▶ **How to complete this task**
Once the images are set aside, output the listing exactly as it stands.

▶ **Data excerpt**
____

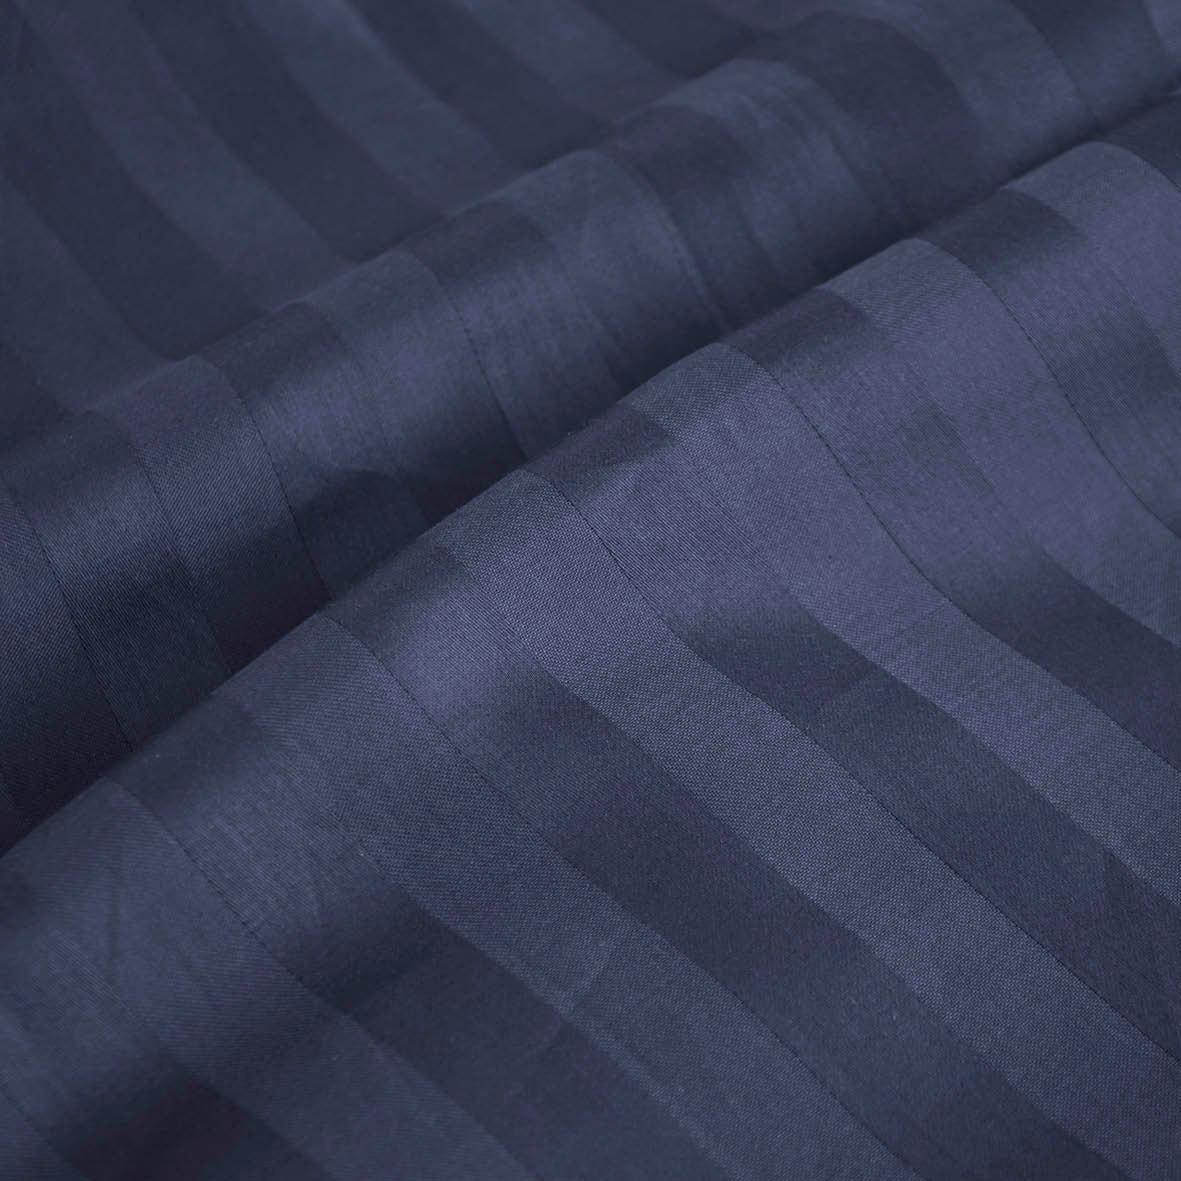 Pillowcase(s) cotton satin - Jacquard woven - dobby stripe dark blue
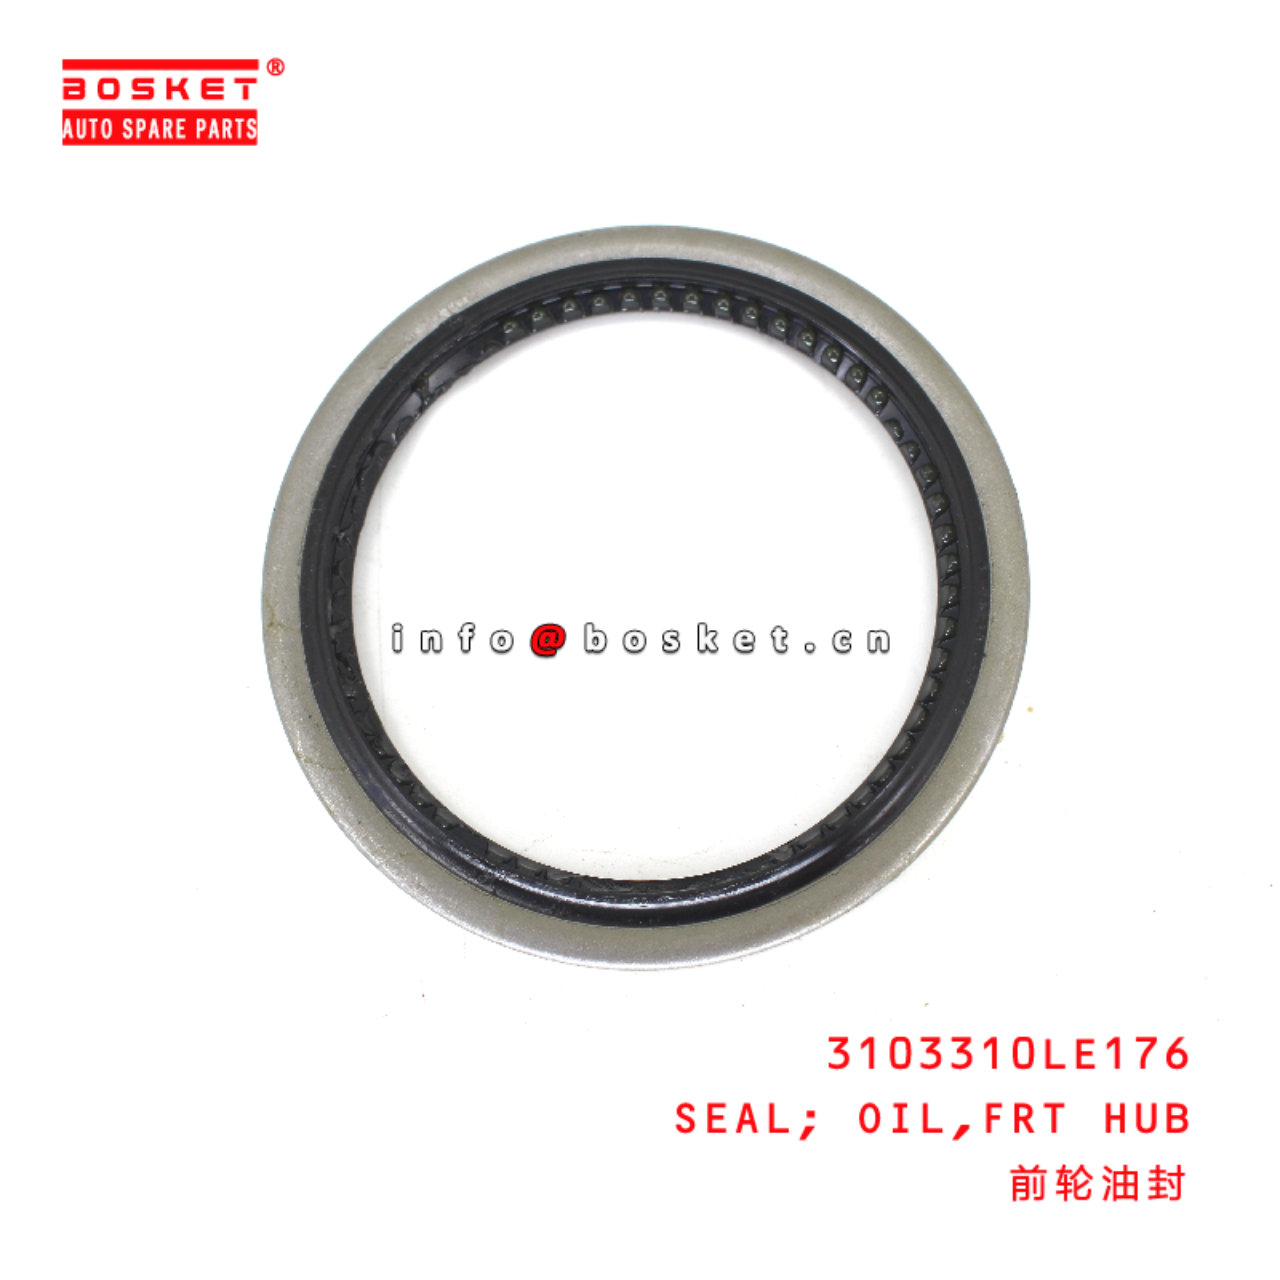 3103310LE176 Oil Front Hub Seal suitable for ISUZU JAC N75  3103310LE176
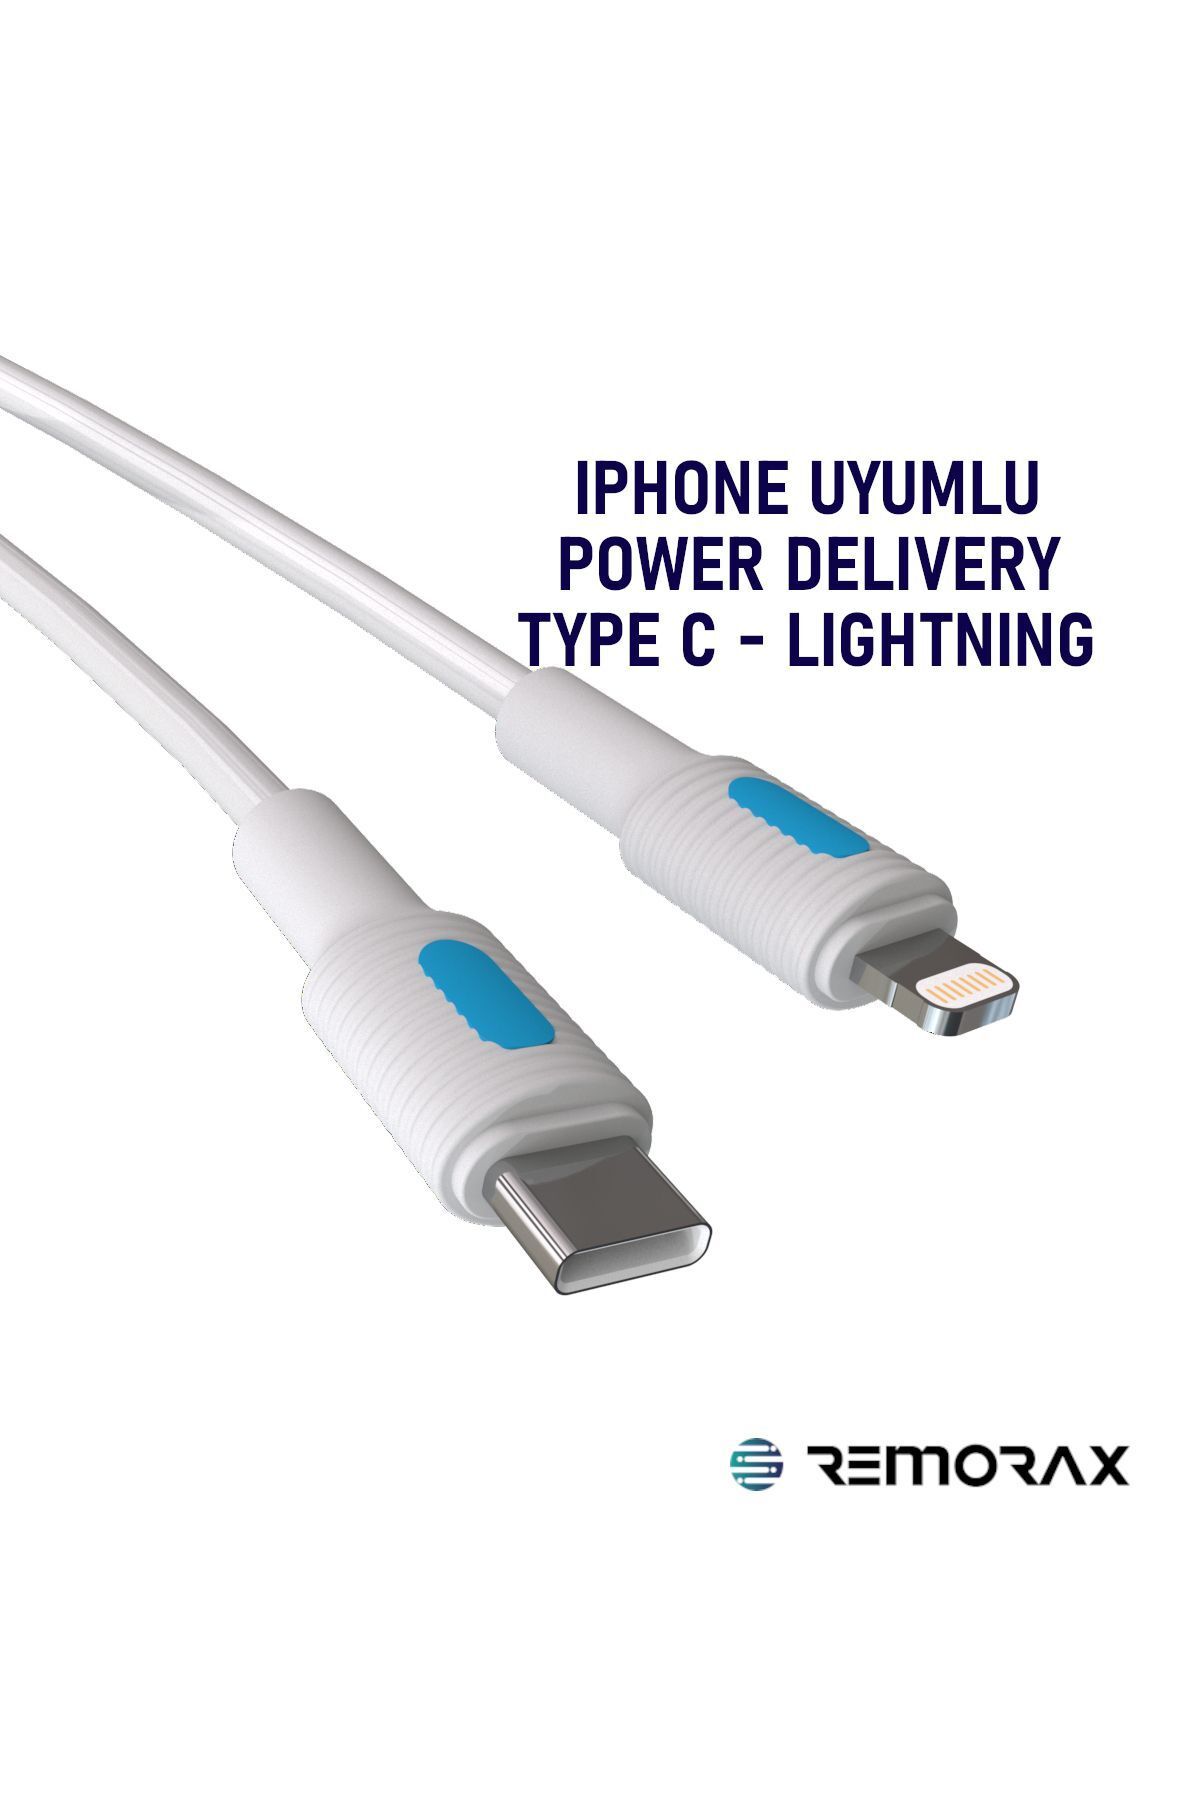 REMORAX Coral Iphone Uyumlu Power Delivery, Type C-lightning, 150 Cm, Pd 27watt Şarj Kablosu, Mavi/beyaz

____

▶ **Written answer**
 Pillowcase(s) cotton satin - Jacquard woven - dobby stripe dark blue
 3103310LE176 Oil Front Hub Seal suitable for ISUZU JAC N75  3103310LE176
 REMORAX Coral Iphone Uyumlu Power Delivery, Type C-lightning, 150 Cm, Pd 27watt Şarj Kablosu, Mavi/beyaz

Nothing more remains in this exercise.